We are given an array A of positive integers, and two positive integers L and R (L <= R).
Return the number of (contiguous, non-empty) subarrays such that the value of the maximum array element in that subarray is at least L and at most R.
Example :
Input:
A = [2, 1, 4, 3]
L = 2
R = 3
Output: 3
Explanation: There are three subarrays that meet the requirements: [2], [2, 1], [3].
Note:
L, R and A[i] will be an integer in the range [0, 10^9].
The length of A will be in the range of [1, 50000].
/*
The condition A[i]>=L && A[i]<=R,means that A[j:i] is a valid subarray and thus we can have (i-j+1) valid subarrays,
count is the valid subarrays between j to i at this point.
The condition A[i]<L means that A[j:i] is still a valid subarray but we need the last element (>=L and <=R) which is within A[j:i],
thus adding last valid number of subarrays which is count.
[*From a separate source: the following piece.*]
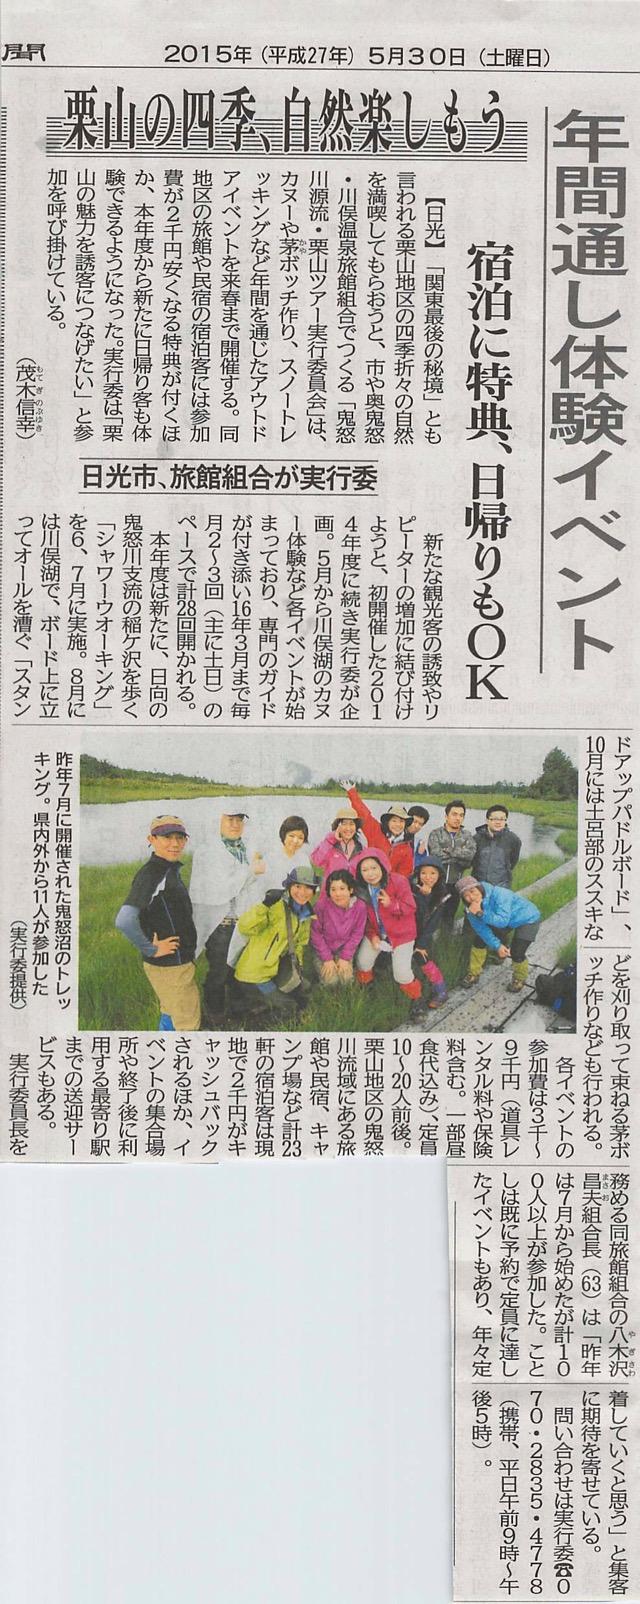 下野新聞5/30朝刊で「鬼怒川源流・栗山ツアー2015」が紹介されました

Else just move the back pointer forward
*/
class Solution {
public int numSubarrayBoundedMax(int[] A, int L, int R) {
int start = 0, count = 0, res = 0;
for (int end = 0; end < A.length; end++) {
if (A[end] >= L && A[end] <= R) {
res += end - start + 1;
count = end - start + 1;
} else if (A[end] < L)
res += count;
else {
start = end + 1;
count = 0;
}
}
return res;
}
}